3, log4j.properties file is ZK's log output file in the Conf directory with Java written program basically have a common log all use log4j, to manage.
4. zkenv.sh and zkserver.sh files
ZKSERVER.SH Master's management program files
Zkenv.sh is the primary configuration, zookeeper a file that configures environment variables when the cluster starts
e), start the service and view
1. Start the service
#进入到zookeeper的bin目录下
Cd/usr/software/zookeeper/bin
#启动服务 (all 3 units need to be operated)
./zkserver.sh Start
f), check service status
#检查服务器状态
#./ZKSERVER.SH Status
JMX enabled by default
Using config:/usr/software/zookeeper/bin/. /conf/zoo.cfg
Client Port found:2181
Mode:leader
View on another ZK machine
#./ZKSERVER.SH Status
JMX enabled by default
Using config:/usr/software/zookeeper/bin/. /conf/zoo.cfg
Client Port found:2181
Mode:follower
Can see the zookeeper cluster after the master and slave points,
You can also view the boot log print
# Cat/usr/software/zookeeper/bin/zookeeper.out
Test:
Three machines can be shut down and restarted for testing, and they can be seen to switch between leader and follower.
iv.
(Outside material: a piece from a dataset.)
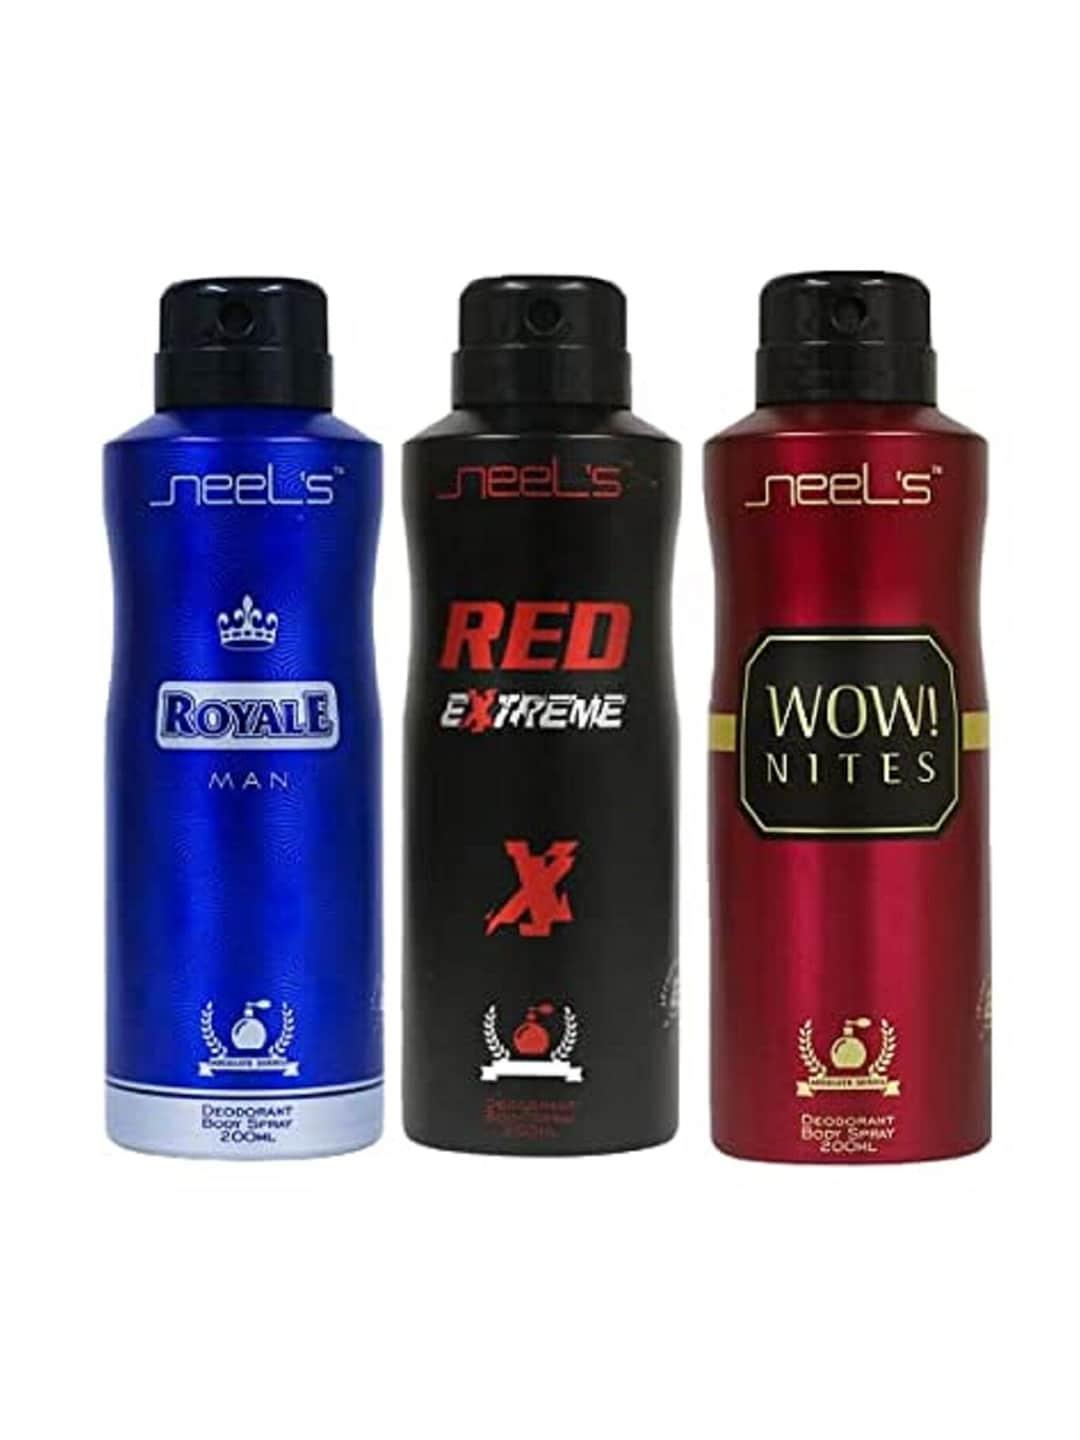 Neels Set of Royale Man + Red Extreme + Wow Nites Deodorant Body Spray - 200 ml Each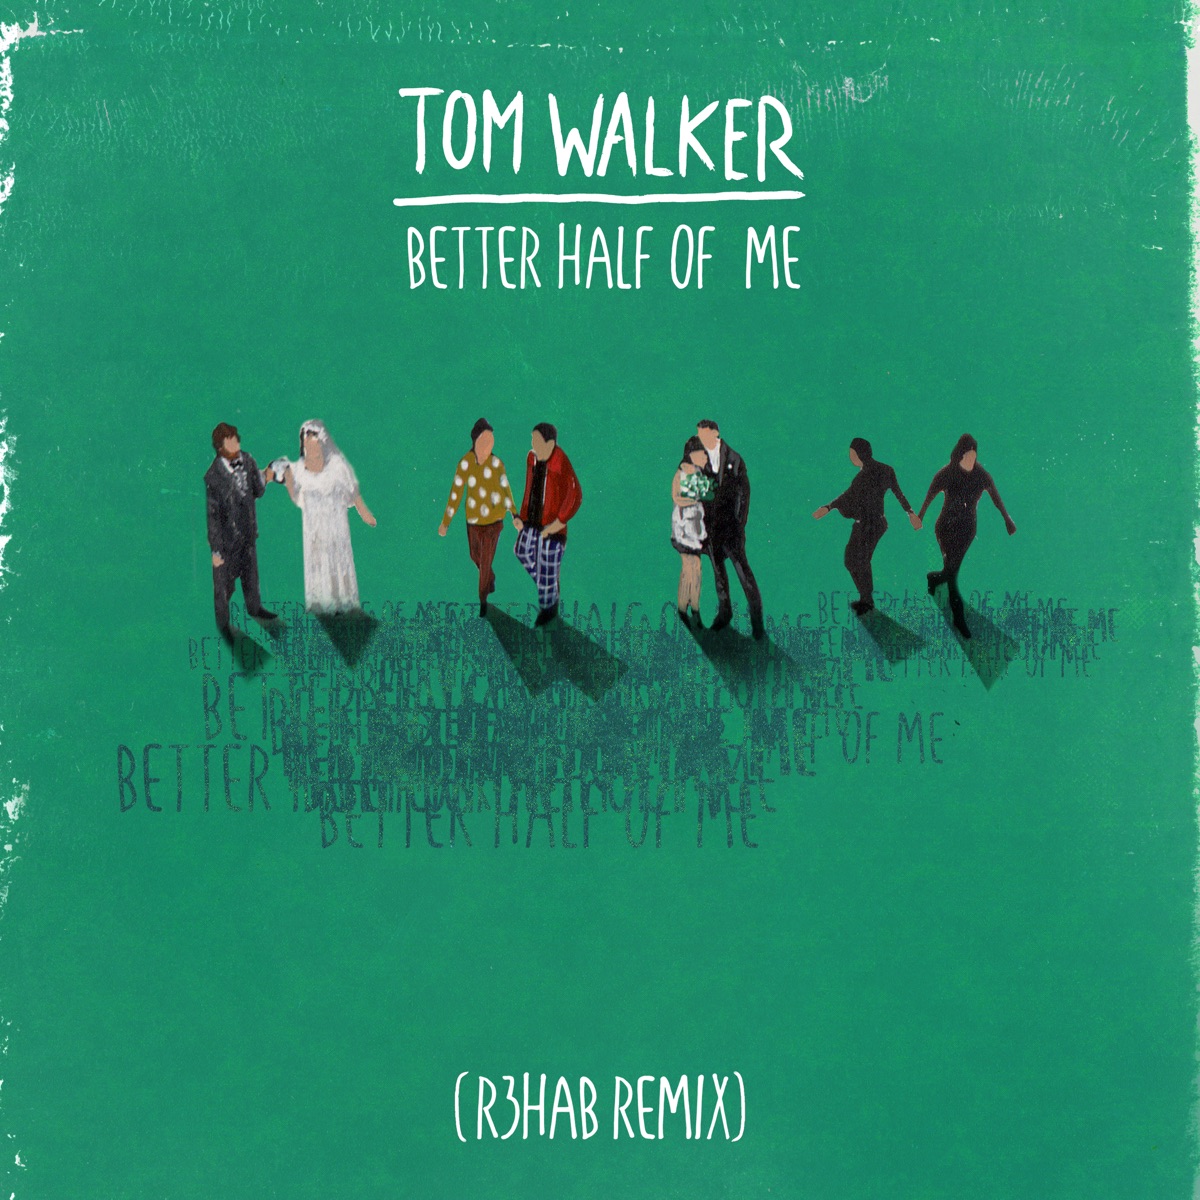 Better half of me. Year-just better обложка. Tom Walker OST. Better half. Обложка альбома Walker в Лондоне\\.

Kafka Cluster Construction
1. Software Environment
1, more than 2 sets of machines
2. The zookeeper cluster has been built
3. Kafka installation Package
2. Create a directory and download the installation software
#创建目录
# mkdir Kafkalogs #创建kafka消息目录, main store Kafka messages
#解压软件
# TAR-ZXVF Kafka_2.11-1.0.0.tgz
3. Modify the configuration file
Go to config directory
# cd/user/kafka/config/
Main concern: Server.properties This file can be found in the directory:
[Root@centos1 config]# LL
Total Dosage 64
-rw-r--r--. 1 root root 906 October 23:56 connect-console-sink.properties
-rw-r--r--. 1 root root 909 October 23:56 connect-console-source.properties
-rw-r--r--. 1 root root 5807 October 23:56 connect-distributed.properties
-rw-r--r--. 1 root root 883 October 23:56 connect-file-sink.properties
-rw-r--r--. 1 root root 881 October 23:56 connect-file-source.properties
-rw-r--r--. 1 root root 1111 October 23:56 connect-log4j.properties
-rw-r--r--. 1 root root 2730 October 23:56 connect-standalone.properties
-rw-r--r--. 1 root root 1221 October 23:56 consumer.properties
-rw-r--r--. 1 root root 4727 October 23:56 log4j.properties
-rw-r--r--. 1 root root 1919 October 23:56 producer.properties
-rw-r--r--. 1 root root 6852 October 23:56 server.properties
-rw-r--r--. 1 root root 1032 October 23:56 tools-log4j.properties
-rw-r--r--. 1 root root 1023 October 23:56 zookeeper.properties
To modify the server.properties configuration file:
#在log. retention.hours=168 the following three additions
#hostname
host.name=192.168.1.110
message.max.byte=5242880
default.replication.factor=2
replica.fetch.max.bytes=5242880
Set zookeeper connection parameters at the same time:
#设置zookeeper的连接端口
zookeeper.connect=192.168.1.110:2181,192.168.1.111:2181,192.168.1.112:2181
4. Start Kafka cluster and test 1. Start the service
#从后台启动Kafka集群 (all 3 units need to be started)
#进入到kafka的bin目录
#./kafka-server-start.sh-daemon. /config/server.properties
2. Check whether the service is started
[Root@centos1 config]# JPS
1800 Kafka
1873 Jps
1515 Quorumpeermain
3. Create topic to verify that the creation is successful
#创建Topic
#./kafka-topics.sh--create--zookeeper 192.168.1.110:2181--replication-factor 2--partitions 1--topic test
#解释
--replication-factor 2 #复制两份
--partitions 1 #创建1个分区
--topic #主题为shuaige
#在一台服务器上创建一个发布者
#创建一个broker, publisher
./kafka-console-producer.sh--broker-list 192.168.1.111:9092--topic test
>
> Can send messages
#在一台服务器上创建一个订阅者
#./kafka-console-consumer.sh--zookeeper 192.168.1.112:2181--topic test--from-beginning
> Receive messages
>
>
cluster configuration is complete;
Five, other instructions callout
1, log description
The default Kafka log is saved in the/user/software/kafka/logs directory. , here are a few notes that you need to be aware of
Server.log #kafka的运行日志
State-change.log #kafka他是用zookeeper来保存状态, so he might switch, The log of the switch is saved here
Controller.log #kafka选择一个节点作为 "Controller", which is responsible for selecting a new leader in all nodes of the swimming partition when a node is found to be down. This allows Kafka to efficiently manage the master-slave relationships of all partition nodes in batches. If the controller is down, one of the surviving nodes will switch to the new controller.